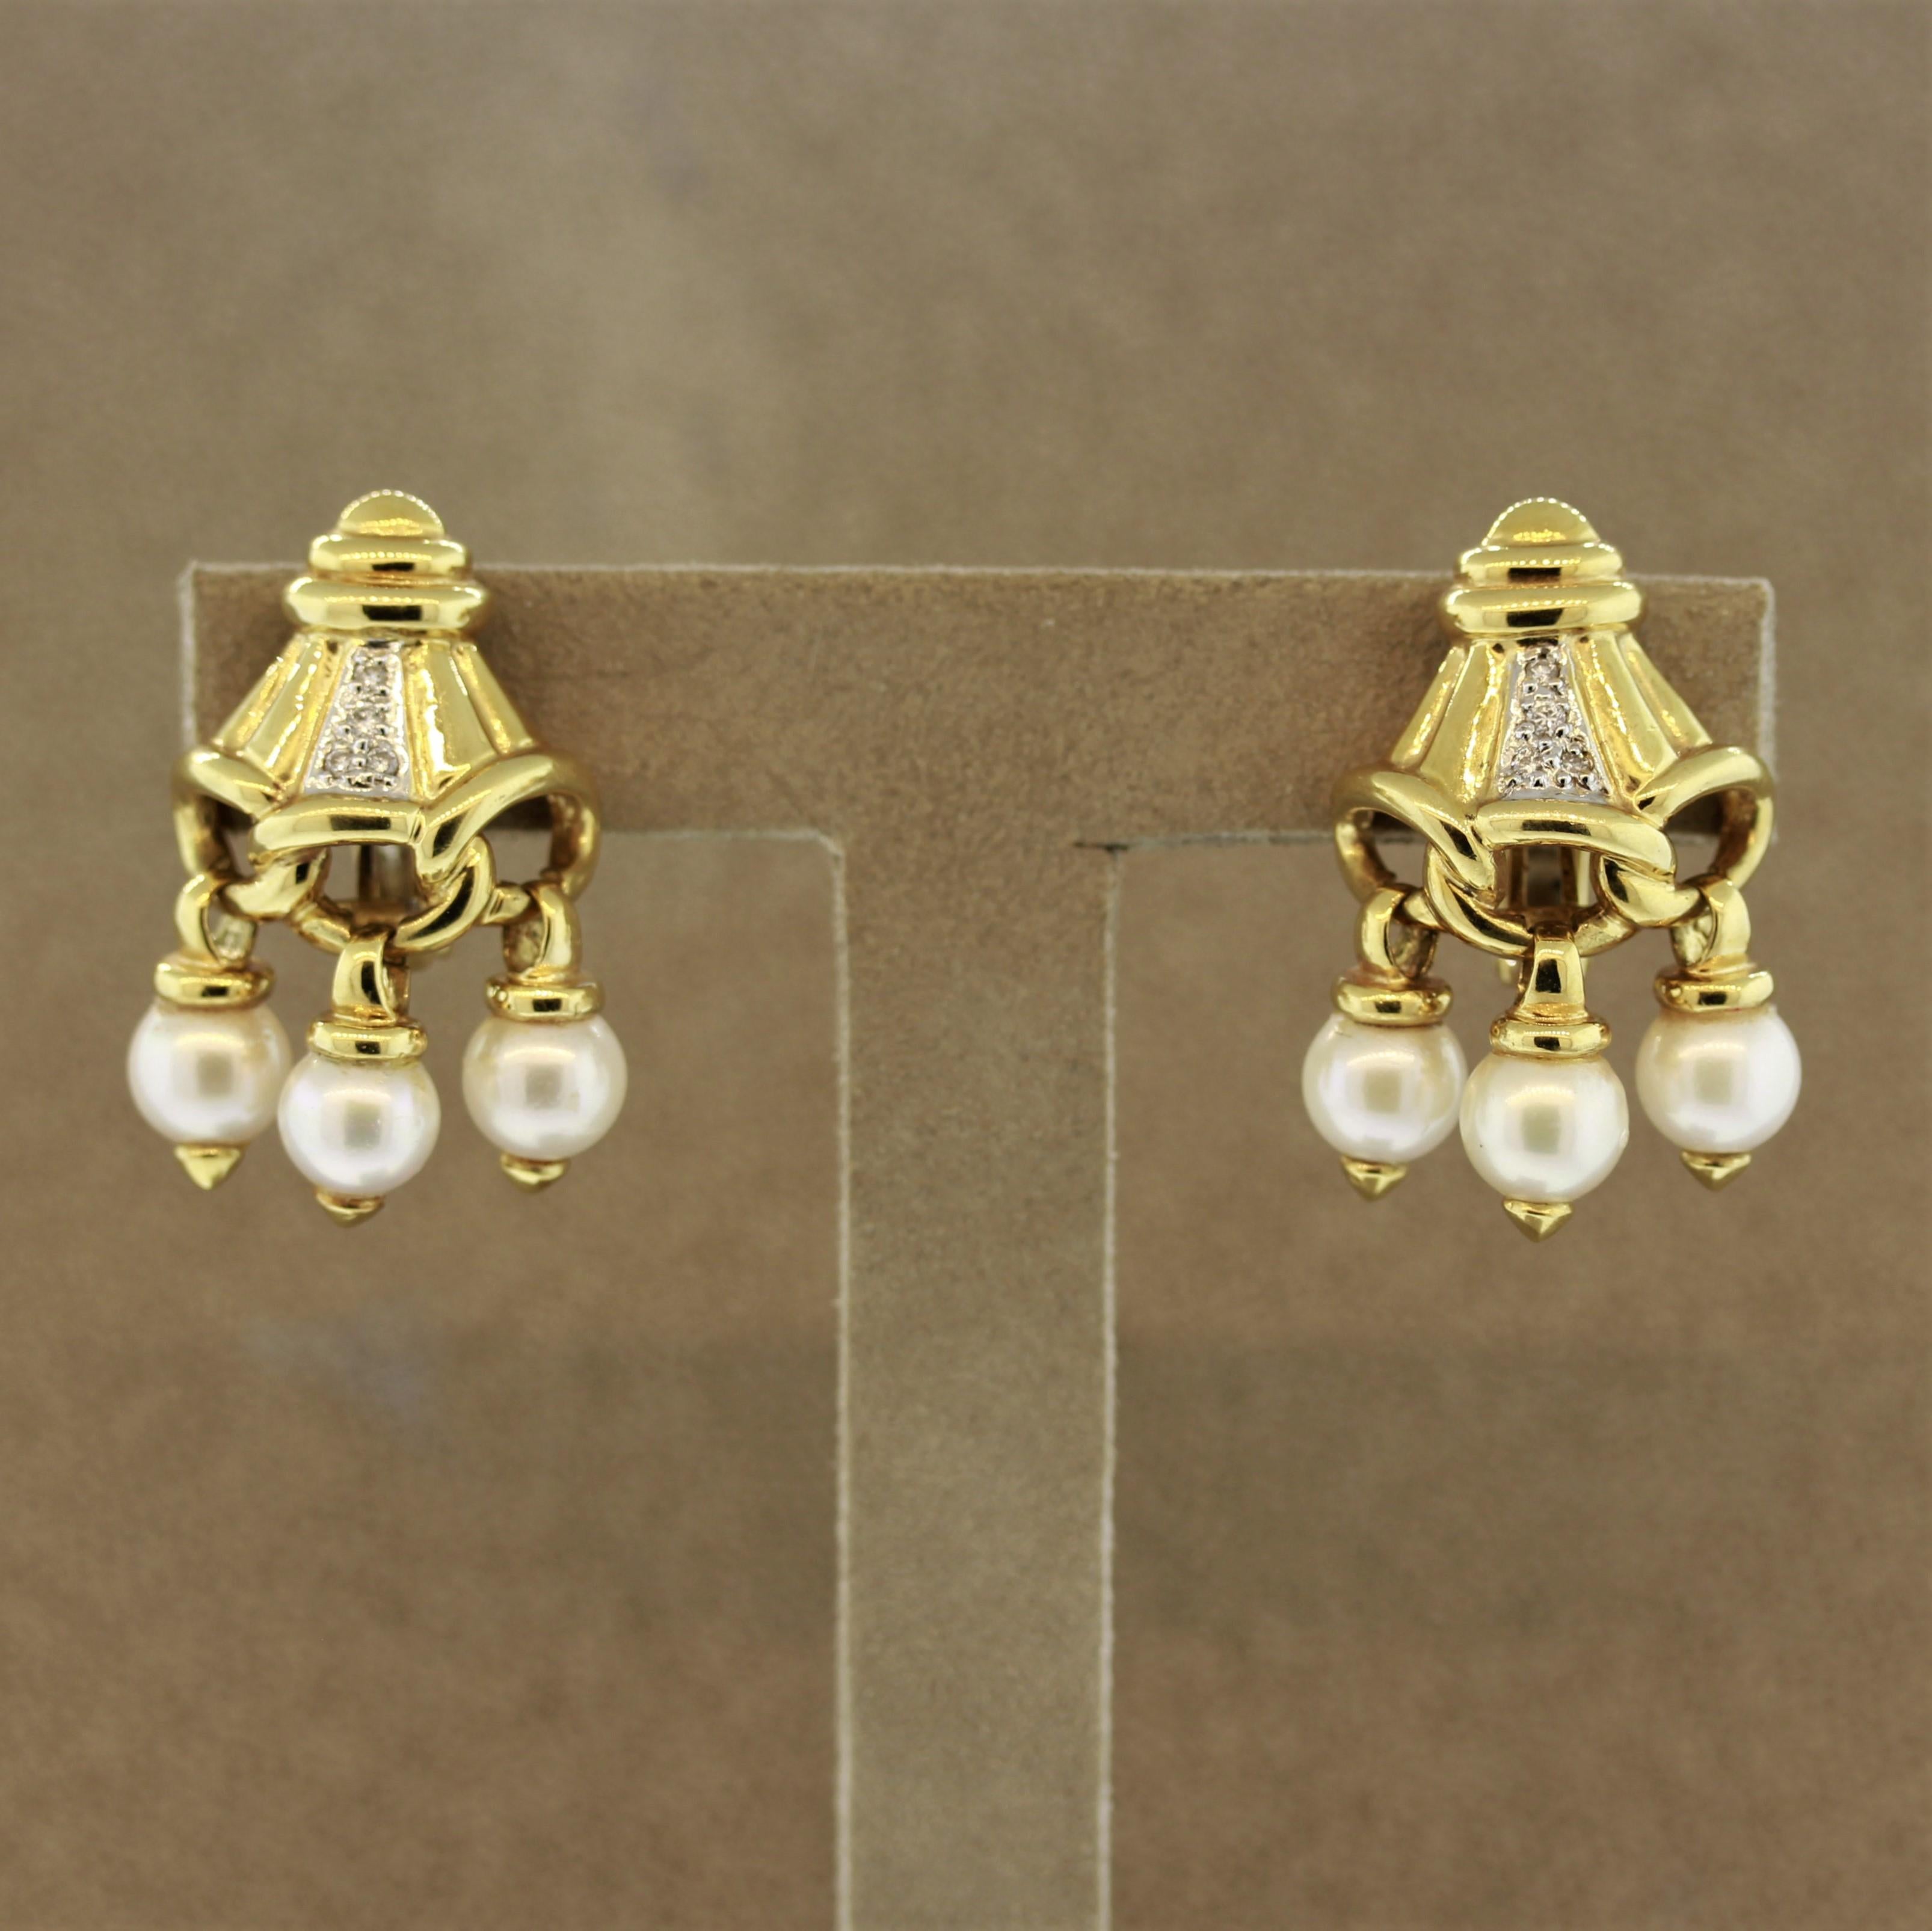 A unique pair of earrings made in 18k yellow gold. They feature 0.10 carats of round brilliant cut diamonds along with 6 freshwater pearls which are tasseled from the bottom of the earrings.

Length: 1.2 inches
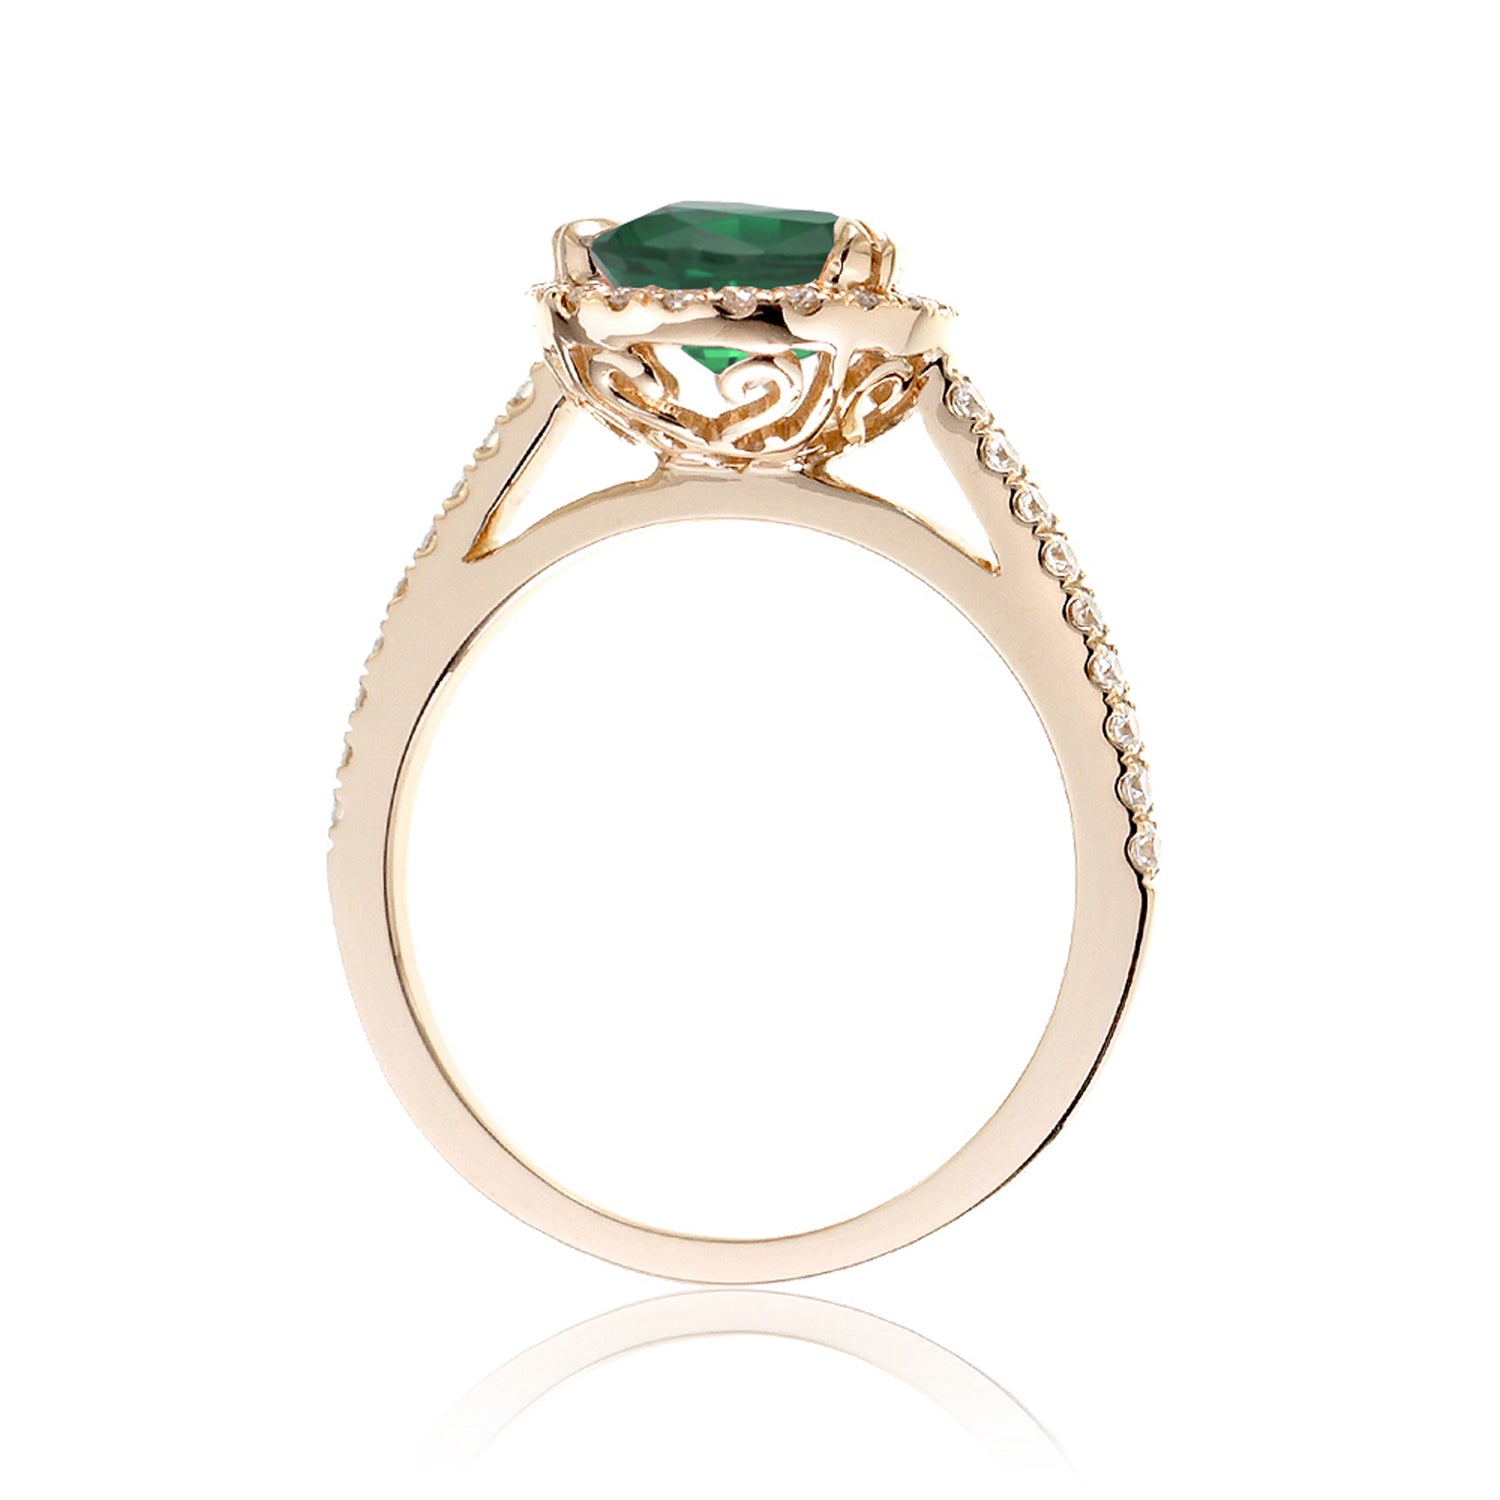 Pear green emerald diamond halo cathedral engagement ring yellow gold - The Signature
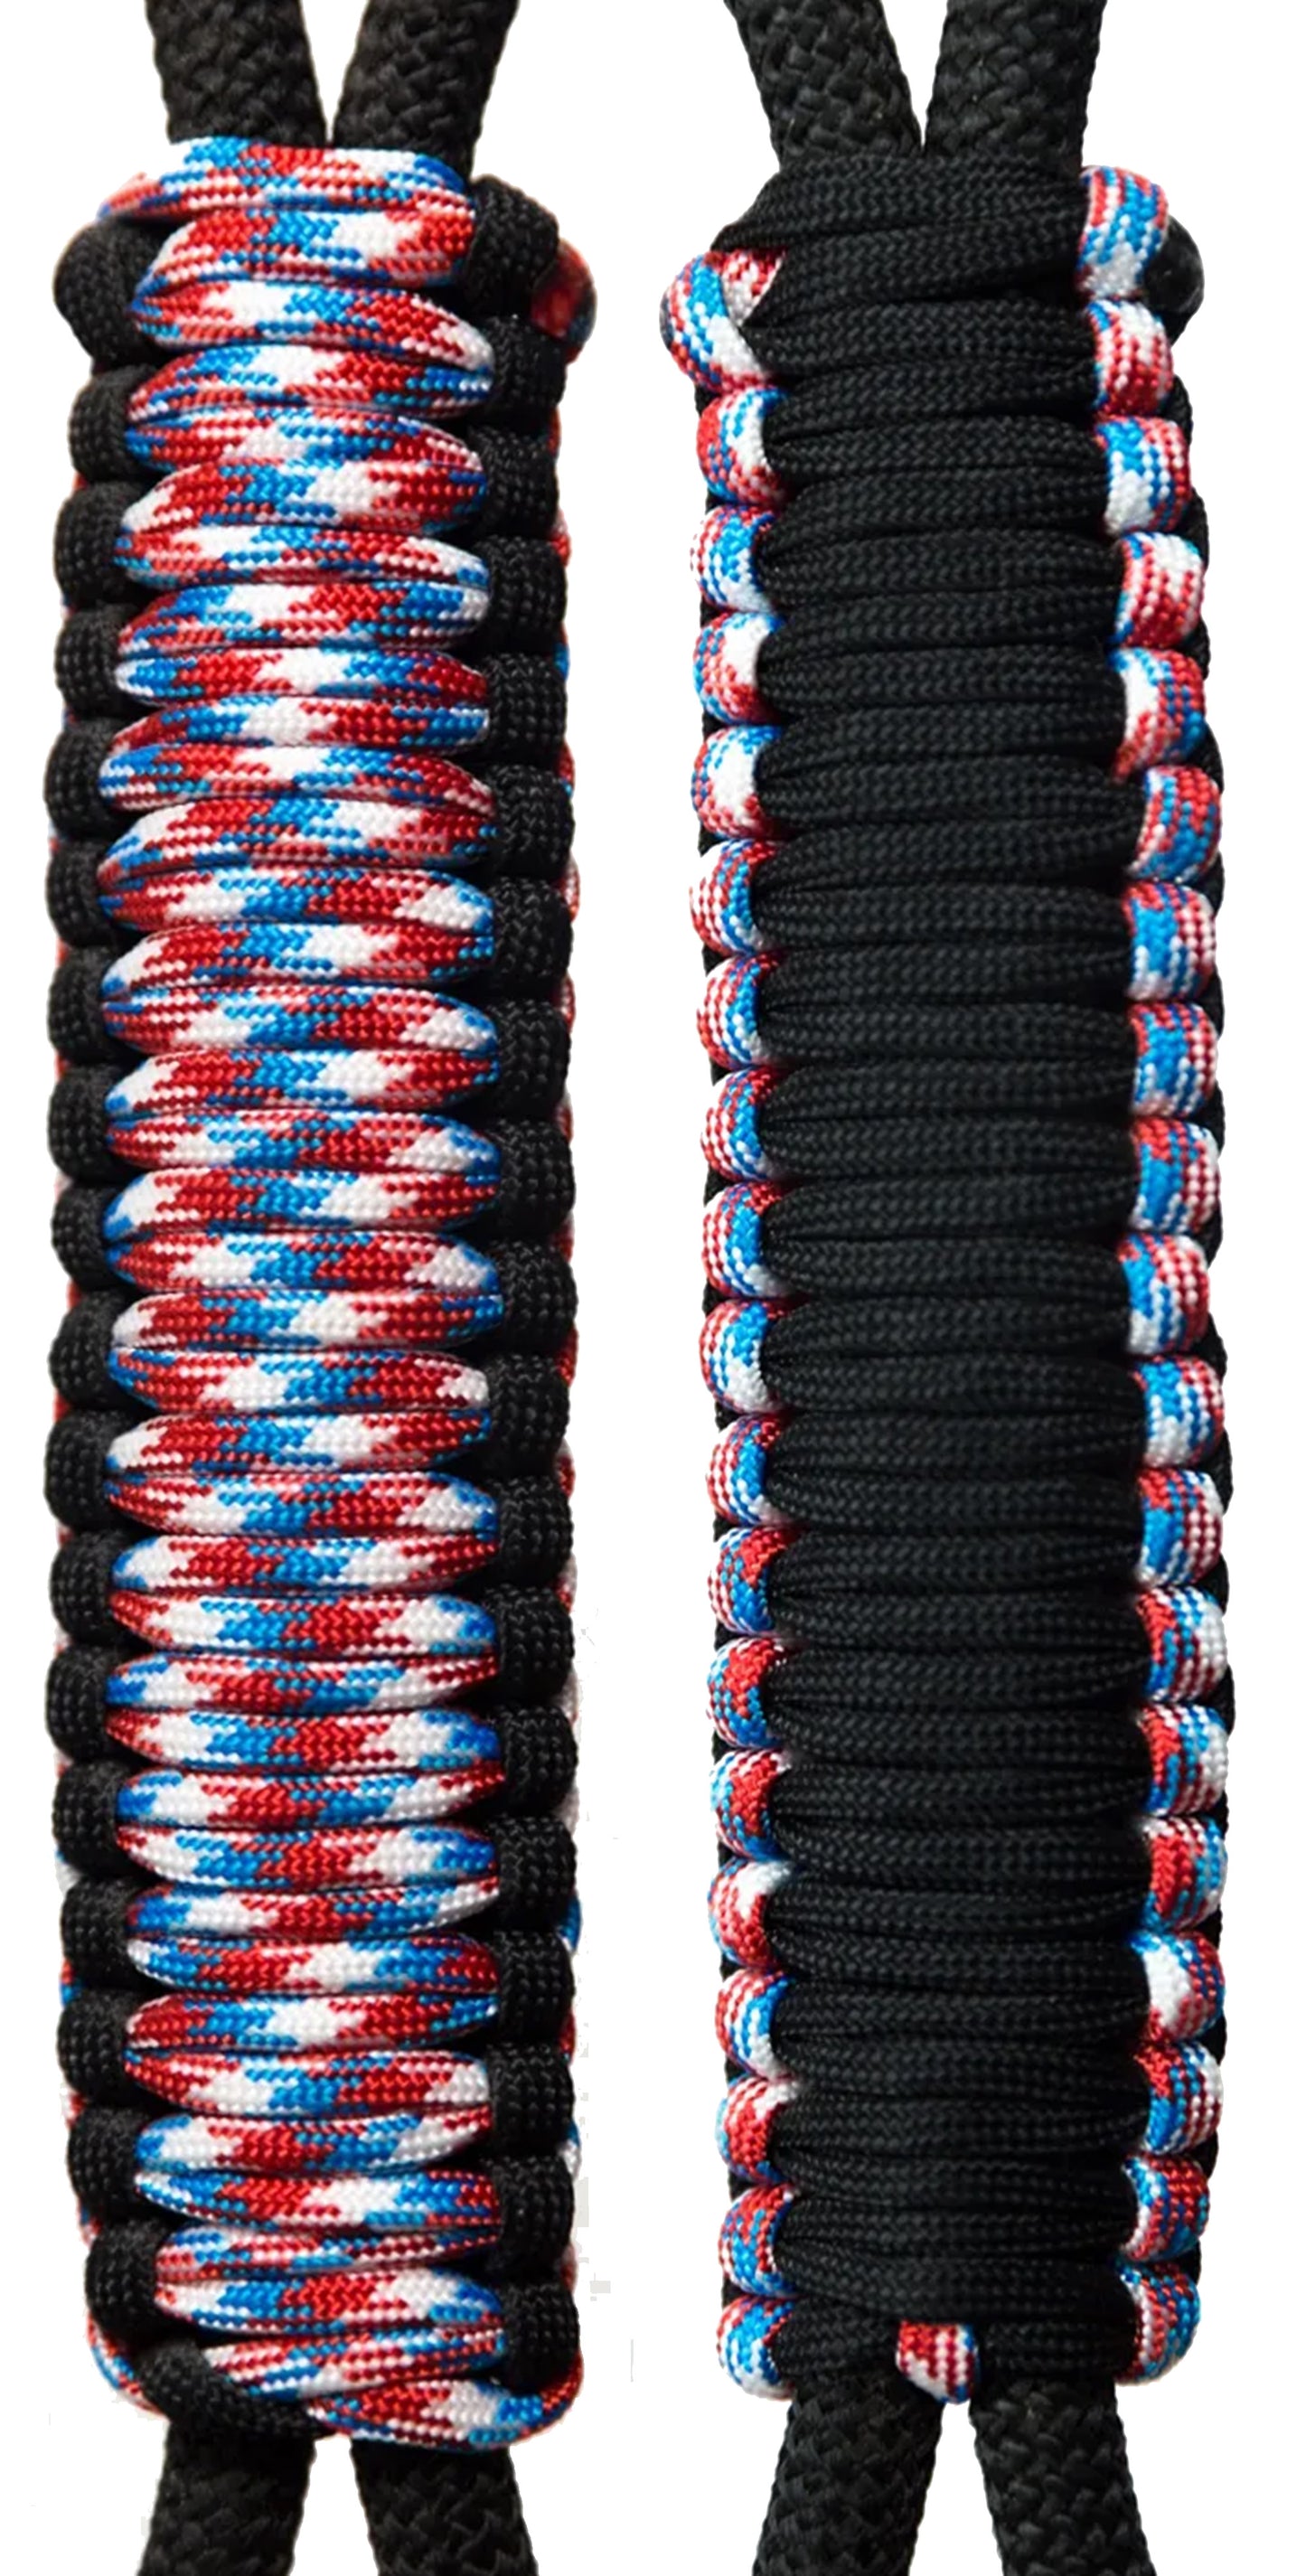 Black & Freedom C031C068 - Paracord Handmade Handles for Stainless Steel Tumblers - Made in USA!

*Assignment*. Your copy should start at the line with "Length: 1.2 inches", stop at the last line of the listing above, match exactly, and contain no pictures.

*Answer box*.
Length: 1.2 inches
 Pear green emerald diamond halo cathedral engagement ring yellow gold - The Signature
 Black & Freedom C031C068 - Paracord Handmade Handles for Stainless Steel Tumblers - Made in USA!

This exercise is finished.